R&D effects on patenting in Swedish groups, i.e. parent and subsidiary companies tied together through ownership, have been examined in an accessibility framework. The R&D activities of our sample of groups have not been found to affect patent production of other groups intraregionally (variable A ext1,k ). However, interregionally the likelihood is negatively affected. A possible explanation for this relates to competition for R&D staff of groups located in different regions. This may be due to competition for researchers between groups across regions. Within a region, it is possible that such negative competition effects are balanced out by positive labor market effects; hence the total effect becomes non-significant. It must be stressed however, that not all learning in companies is the result of R&D. That is, small companies without formal R&D activities are not captured by our sample. Thus, it would be wrong to conjecture that no intraregional knowledge effects take place across companies. A future research issue could be to analyze local effects, investigating companies not included in the sample, perhaps using the community innovation survey (CIS) indicators (see the Introduction). It should in this context also be of particular importance to distinguish between large and small Swedish innovators, to see whether there are size-related differences in the ability to assimilate university research or research of other groups. The presence of high accessibility to university research in the same region seems to increase the likelihood of patenting in groups. Interregionally, no effects of this kind were found. Thus, the effects of university research on patenting in groups seem to be mainly local in nature.

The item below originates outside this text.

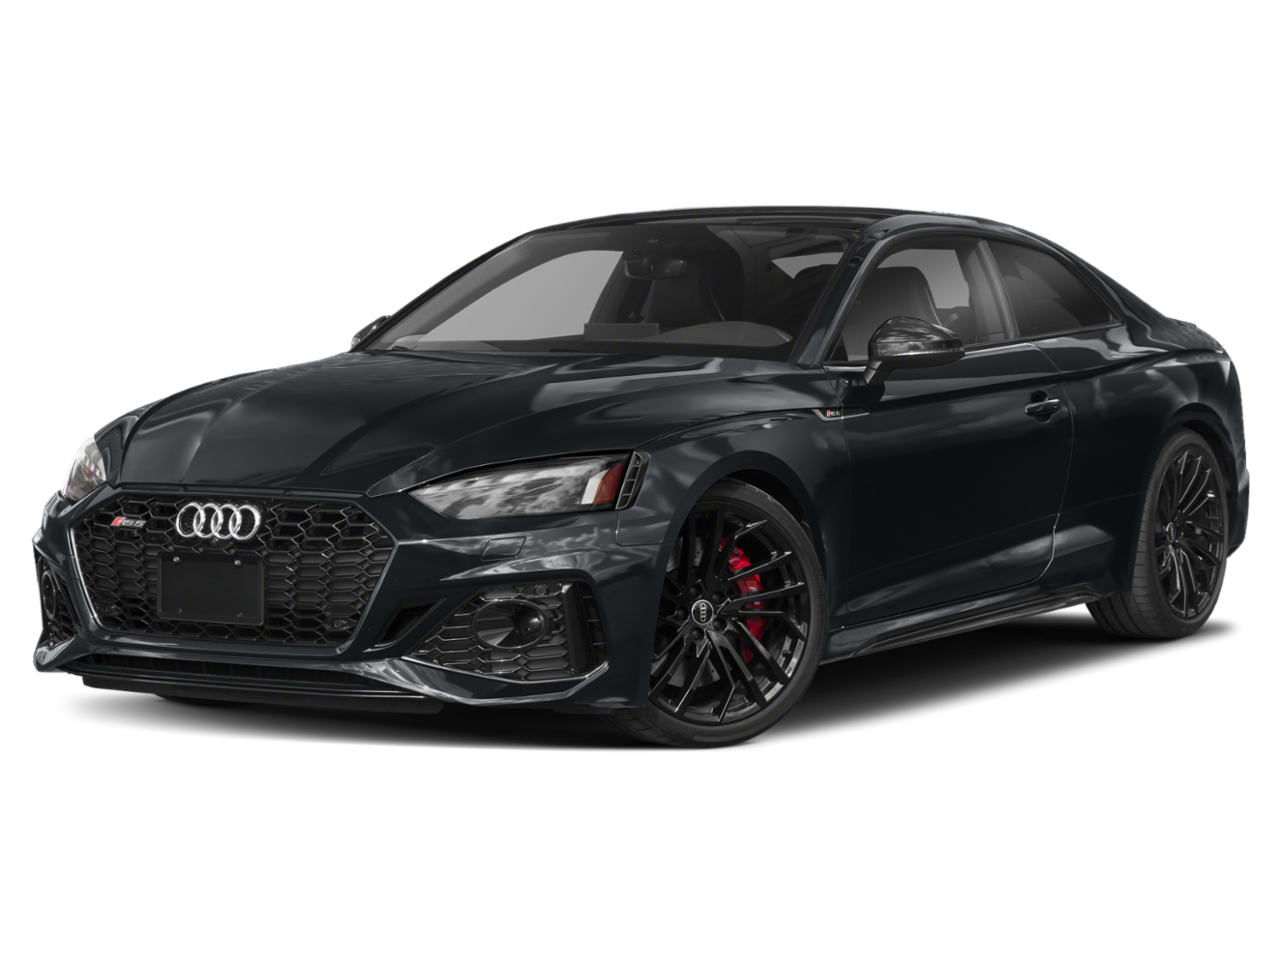 New Audi RS 5 Coupe in Dallas, Houston & San Antonio

The paper has stressed that any spillover effects involved may be of both pecuniary and pure externality type, i.e. it is not possible to separate between rent and idea spillovers, hence both market and non-market effects are estimated jointly. Thus, this research could be complemented along a number of lines. One such line would be to study the role of labor markets. For instance, one fruitful line of research would be to study inventors' role in forming new companies and their mobility between employers.